• Date January 25, 2017
  • Author Eric Vandersluis

It’s no small statement that the impact of globalization and technology on the way we work, learn and live is profound. The world we live in today is vastly different than the one to which we’ve been accustomed. However, most every generation in history has faced monumental upheaval. The world has been interconnected for as long as history can recount, the difference today, is the speed at which information flows and the overwhelming amount of information that is at our fingertips in a moment’s notice.

To use a military analogy, the world is volatile, uncertain, complex and ambiguous, but it’s also full of hope, promise and potential. And it’s through this lens that we need our leaders to operate. Globalization is a man-made construct, we control the inputs and although it doesn’t always feel like it, we also have control over the outputs.
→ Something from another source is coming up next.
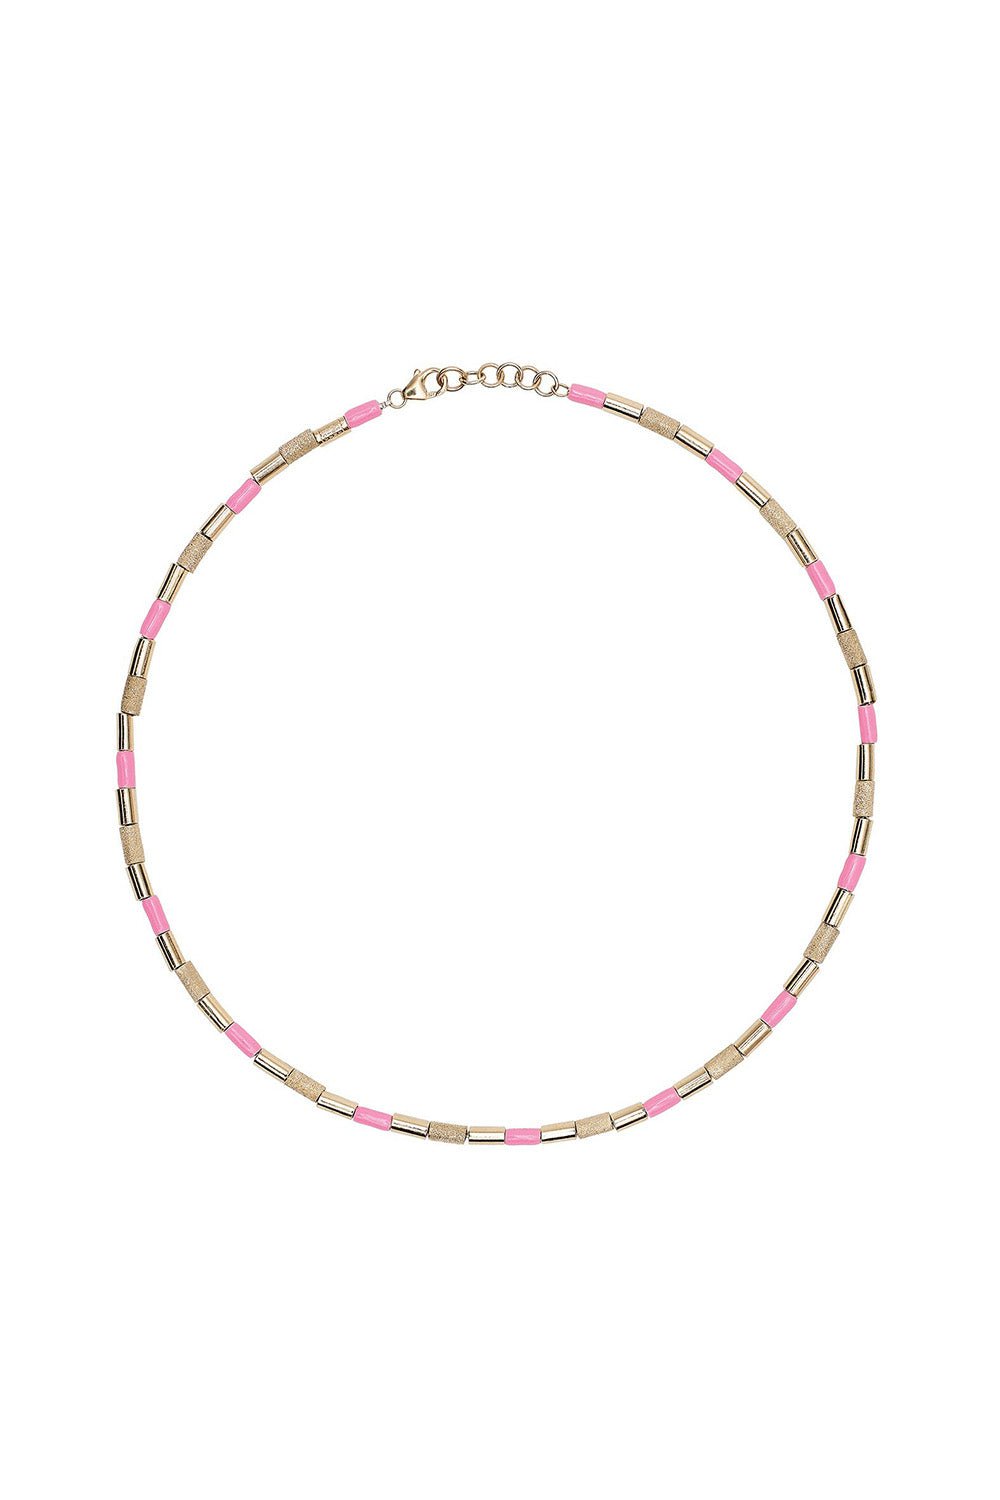 BEA BONGIASCA-Pink Tubini Necklace-YELLOW GOLD

The challenge that lies ahead of us, is teaching leaders to understand and learn how to operate in this world in a way that offers hope, promise and compassion for those around us.

Our belief is that we need to slow down the ways in which we learn and create systems and processes that allow us the space to learn, to grow and to prepare us for working and living in a complex but beautiful world. We recognize the paradoxical nature of this request. And we hear the response all too often, “my people don’t have the time,” “I can’t be gone for that long,” etc. But the reality is, for most of us to truly be effective and to meet the challenges ahead of us, we need to better prepare ourselves mentally, spiritually and physically for what lies ahead.
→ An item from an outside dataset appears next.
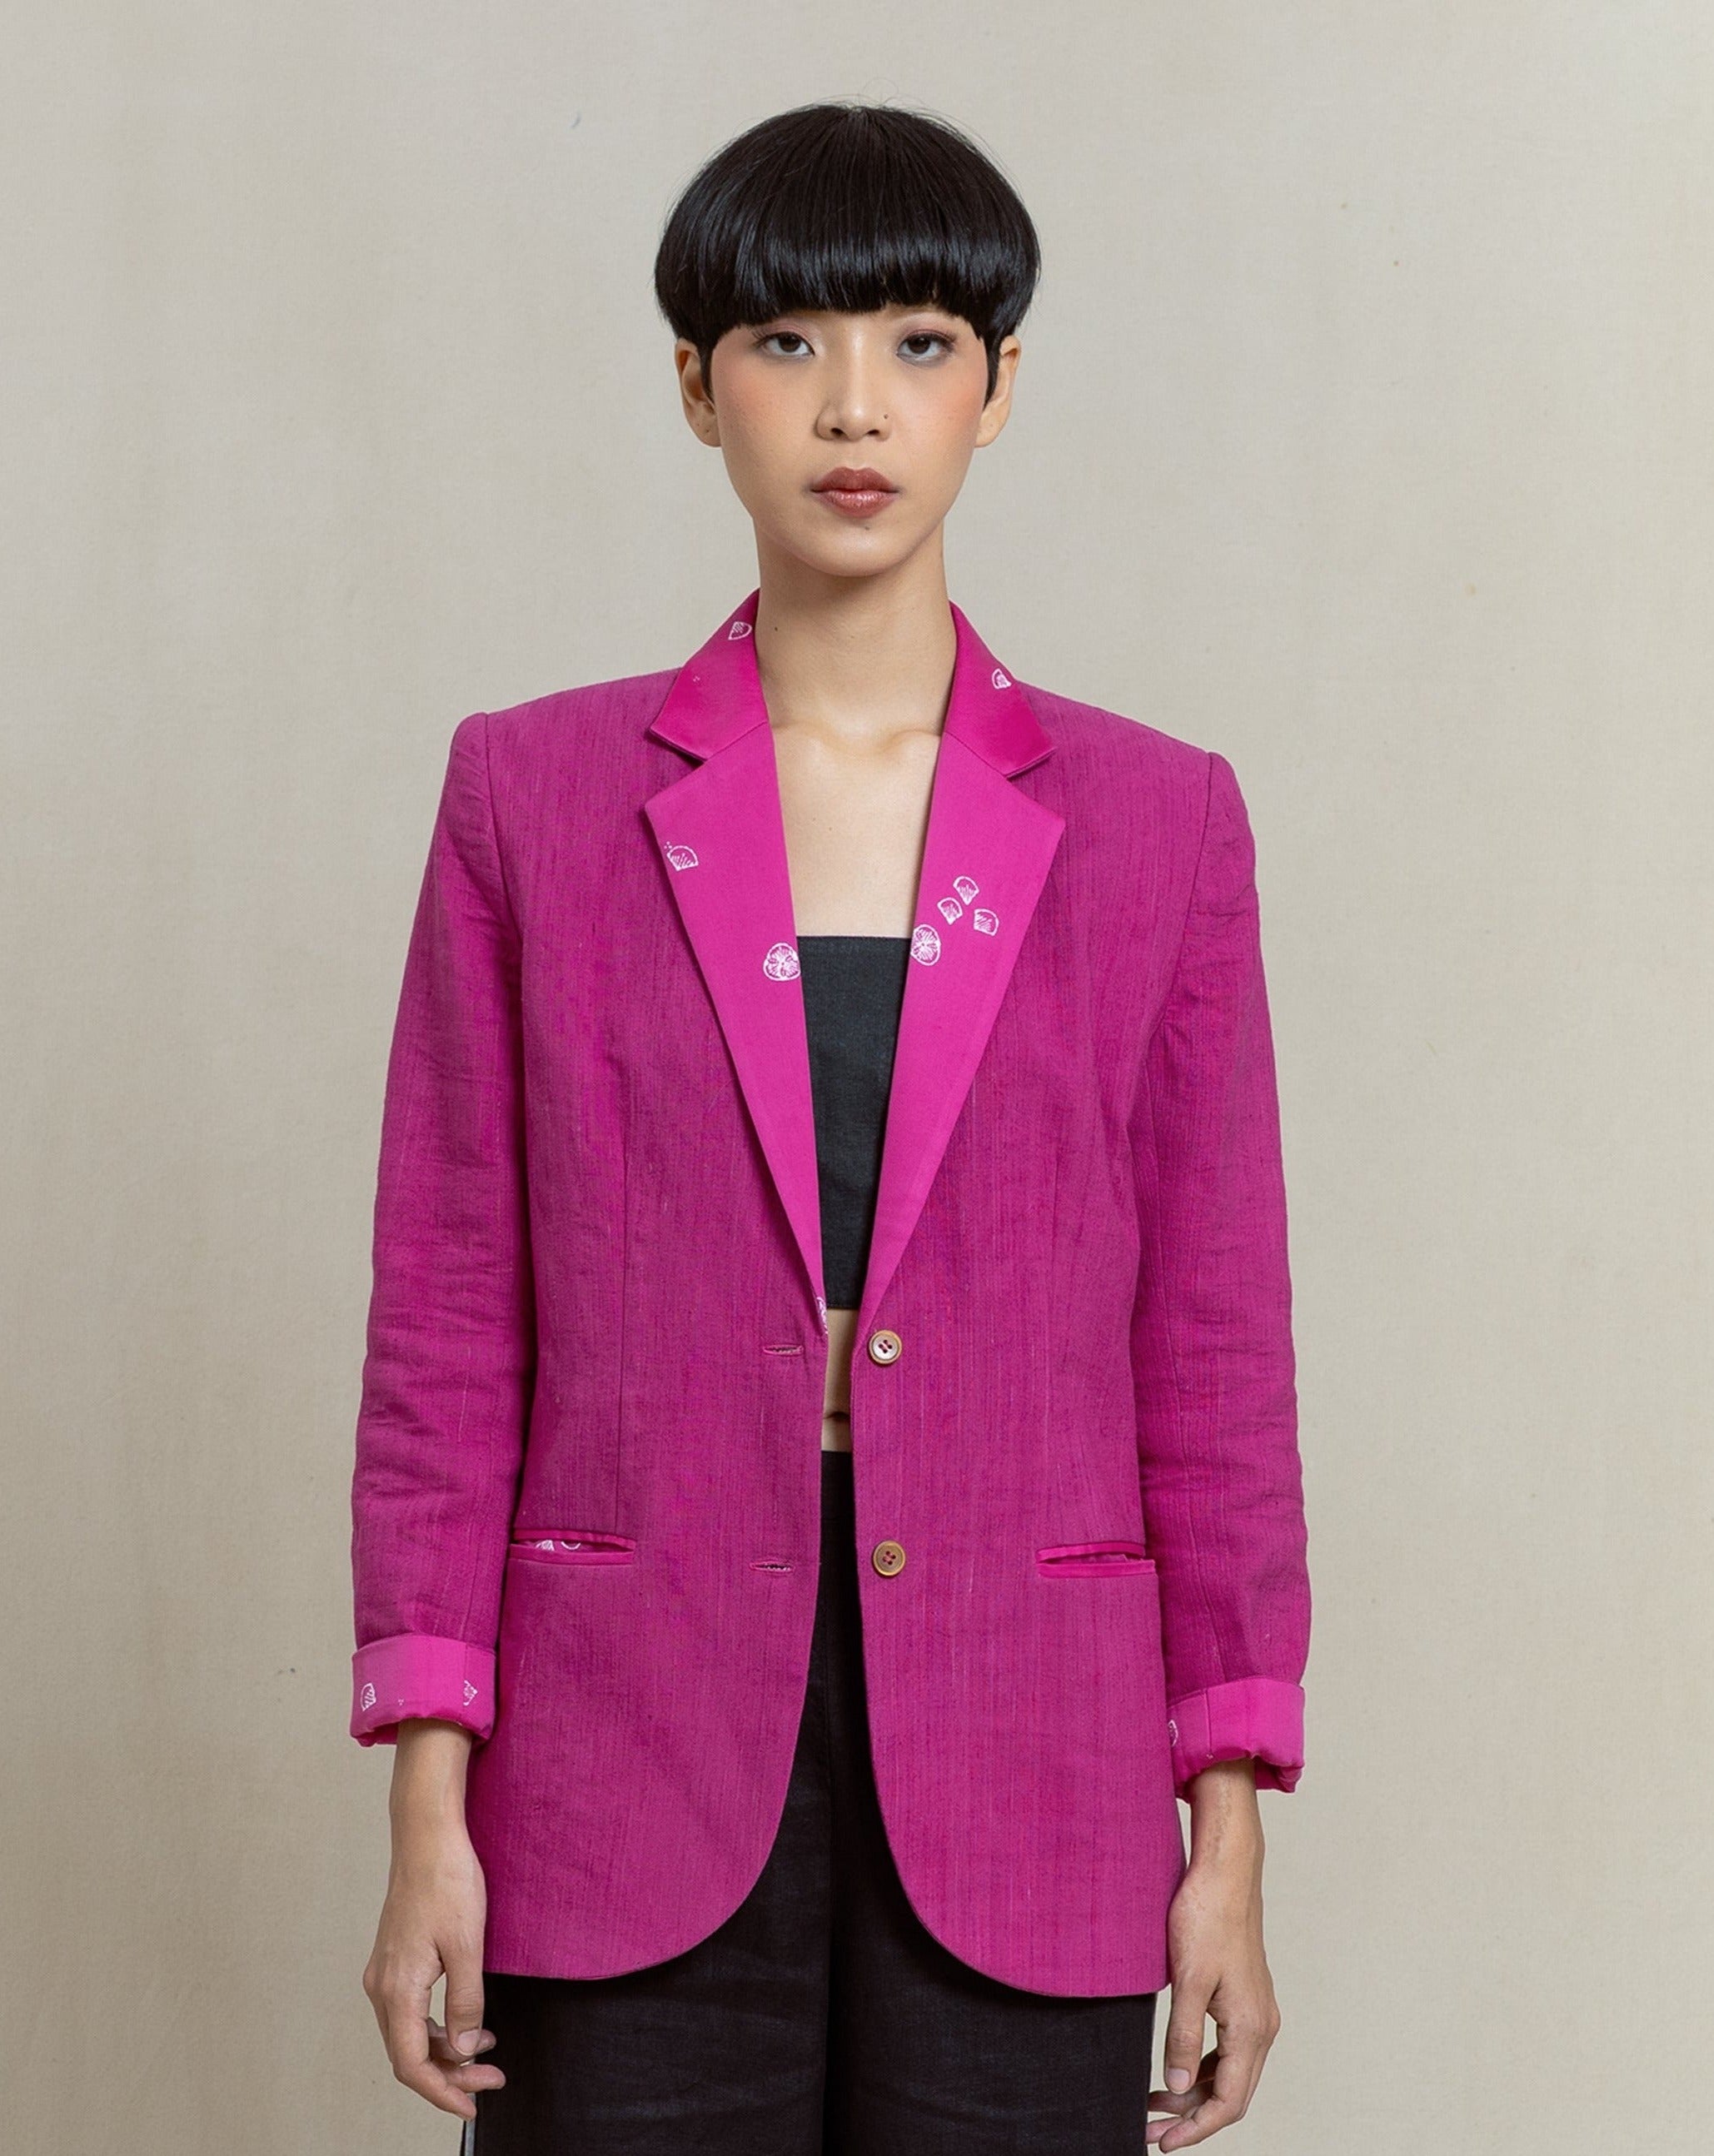 blazer, batik blazer, pink blazer, women's blazer, women's fashion, naturally dyed

The skills required to operate in our current environment; collaboration and communication, critical thinking and problem solving, innovation and imagination require us to fundamentally slow down our thinking in order to truly master any of these skills, yet we continue to fall into the trap outlined by Kahneman in Thinking, Fast and Slow:

“A puzzling limitation of our mind: our excessive confidence in what we believe we know, and our apparent inability to acknowledge the full extent of our ignorance and the uncertainty of the world we live in.” (Kahneman, Daniel. Thinking, Fast and Slow (pp. 13-14). Farrar, Straus and Giroux)

The world we live in today is uncertain, it’s hard for leaders to fully grasp the monumental nature of the challenges that lie ahead. But that shouldn’t prevent us as leaders to take a stand and learn how to navigate the world ahead of us.

We need leaders that understand complexity, adaptive systems and aren’t afraid to experiment and try new things. But most importantly, we need leaders to understand that the answer to our challenges is not an individualistic pursuit. We learn best alongside of others and through experience. It’s very tempting to jump head first into the challenges we face and fearlessly push through with sheer will and endurance. Yet, with constant change and turmoil, we can’t keep up and fatigue sets in.

We don’t have the capacity to go at this alone. We never have…throughout all of our history. Humans didn’t evolve because we were the most prolific hunters in the ecosystem, we thrived because as a tribe we were able to outlast the prey, we worked together to wear them down and we used ingenuity to survive even when the odds were stacked against us.
We’re social beings. We exist in a relational context. But in order to effectively be a part of the tribe, we need the to spend time with one another. We need to slow down and engage in the moment with those around us. We need to learn from one another, we need to grow with one another. In order to do that, we need time and space- two resources that feel really scarce at the moment. But we have the capacity to make that happen, because when we do it right, we actually learn to how to better handle all that this beautifully chaotic world throws at us.